History

United Kingdom
- Name: HMS L56
- Builder: Fairfield Shipbuilding and Engineering Company, Govan
- Laid down: 16 October 1917
- Launched: 29 May 1919
- Fate: Sold for scrapping, 25 March 1938

General characteristics
- Class & type: L-class submarine
- Displacement: 960 long tons (980 t) surfaced; 1,150 long tons (1,170 t) submerged;
- Length: 235 ft (71.6 m)
- Beam: 23 ft 6 in (7.2 m)
- Draught: 13 ft 2 in (4.0 m)
- Installed power: 2,400 bhp (1,800 kW) (diesel); 1,600 hp (1,200 kW) (electric);
- Propulsion: 2 × diesel engines; 2 × electric motors;
- Speed: 17 kn (31 km/h; 20 mph) surfaced; 10.5 kn (19.4 km/h; 12.1 mph) submerged;
- Range: 4,500 nmi (8,300 km; 5,200 mi) at 8 kn (15 km/h; 9.2 mph) on the surface
- Test depth: 150 feet (45.7 m)
- Complement: 44
- Armament: 6 × bow 21 in (533 mm) torpedo tubes; 2 × 4-inch deck guns;

= HMS L56 =

HMS L56 was a late-model L-class submarine built for the Royal Navy during the First World War. The boat was not completed before the end of the war and was sold for scrap in 1938.

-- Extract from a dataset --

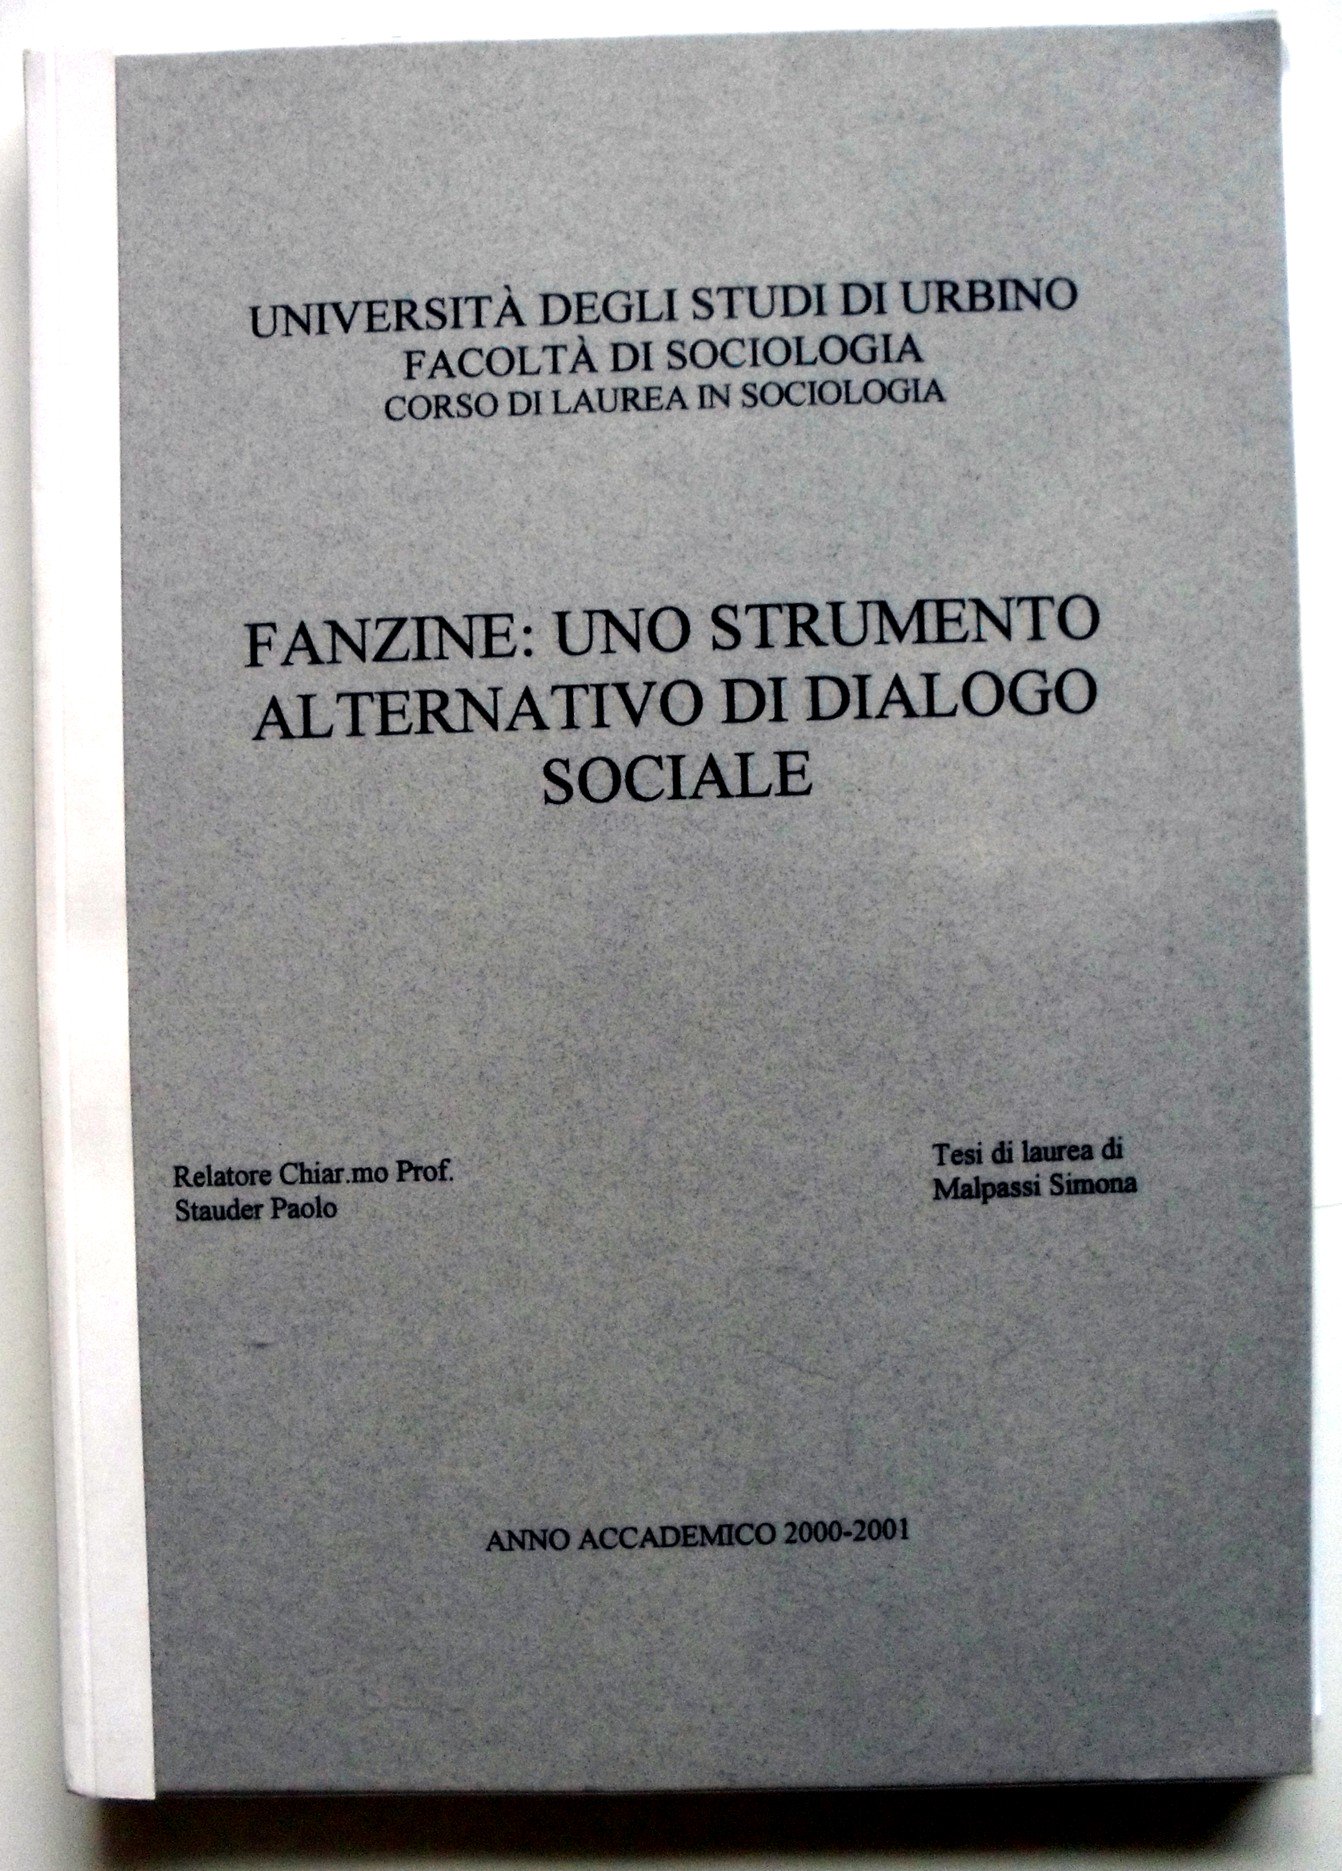 Centro Nazionale Studi Fanzine - Fanzinoteca d'Italia 0.2 - Mappatura Tesi di Laurea Fanzine - Tesi Malpassi Simona 2020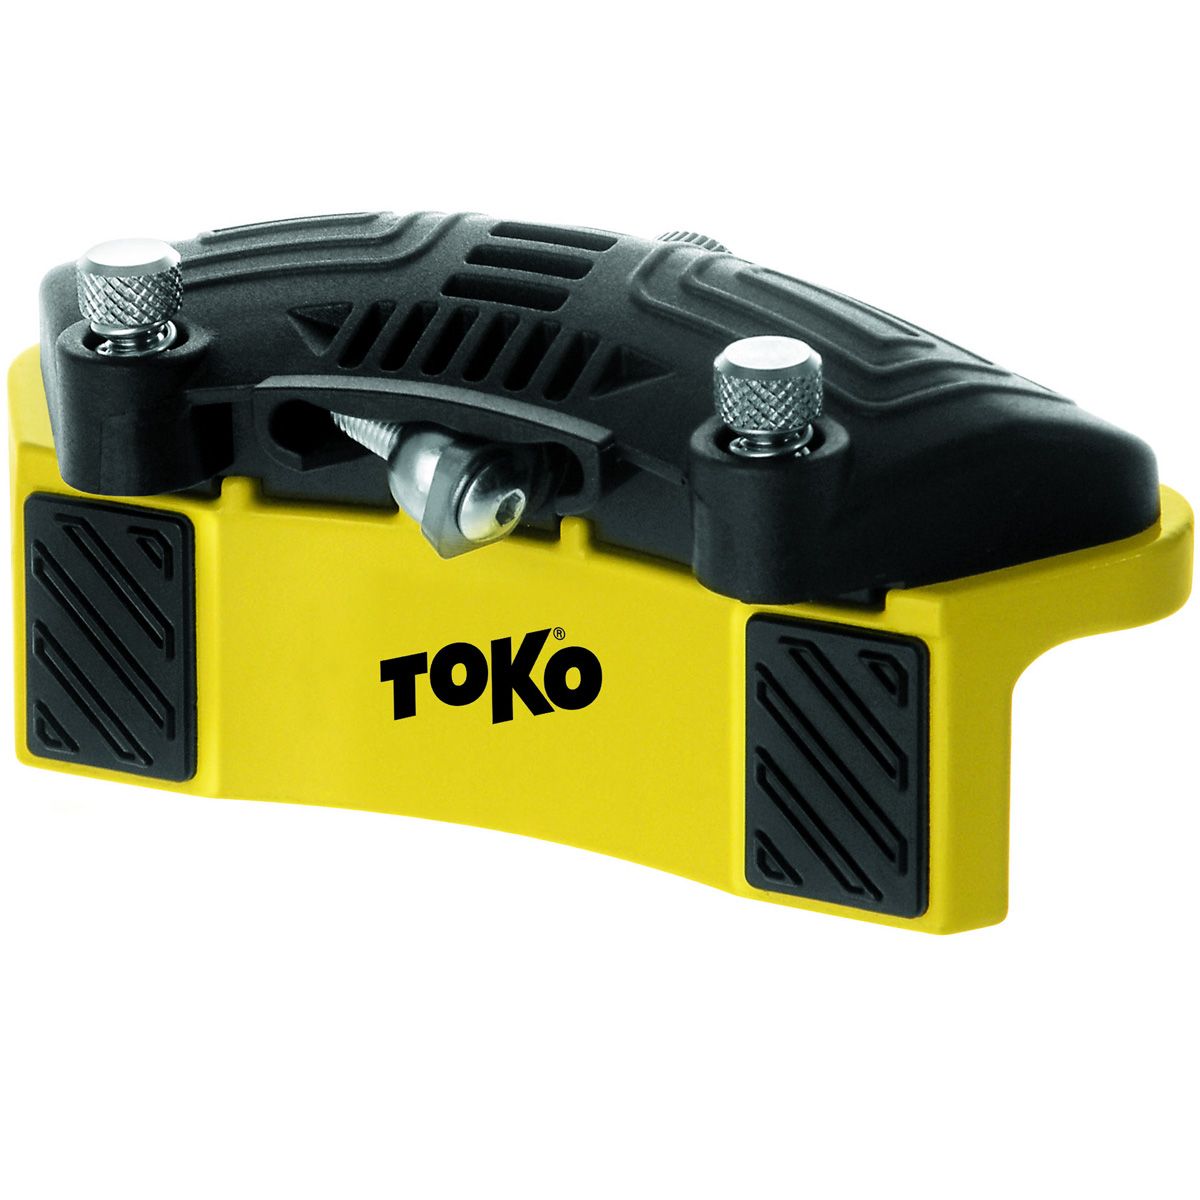 Toko Sidewall Planer Pro von TOKO

==Design and description==
L52 and its successors were modified to maximise the number of 21-inch (53.3 cm) torpedoes carried in the bow. The submarine had a length of 235 ft overall, a beam of 23 ft 6 in and a mean draught of 13 ft 2 in. They displaced 960 LT on the surface and 1150 LT submerged. The L-class submarines had a crew of 44 officers and ratings. They had a diving depth of 150 ft.

For surface running, the boats were powered by two 12-cylinder Vickers 1200 bhp diesel engines, each driving one propeller shaft. When submerged each propeller was driven by a 600 hp electric motor. They could reach 17 kn on the surface and 10.5 kn underwater. On the surface, the L class had a range of 4200 nmi at 10 kn.

The boats were armed with six 21-inch torpedo tubes in the bow. They carried eight reload torpedoes for a grand total of a dozen torpedoes. They were also armed with two 4 in deck guns.

==Construction and career==
HMS L56 was laid down on 16 October 1917 by Fairfield Shipbuilding and Engineering Company at their Govan shipyard, launched on 29 May 1919, and completed on 3 September 1919.
The boat was sold for scrap on 25 March 1938.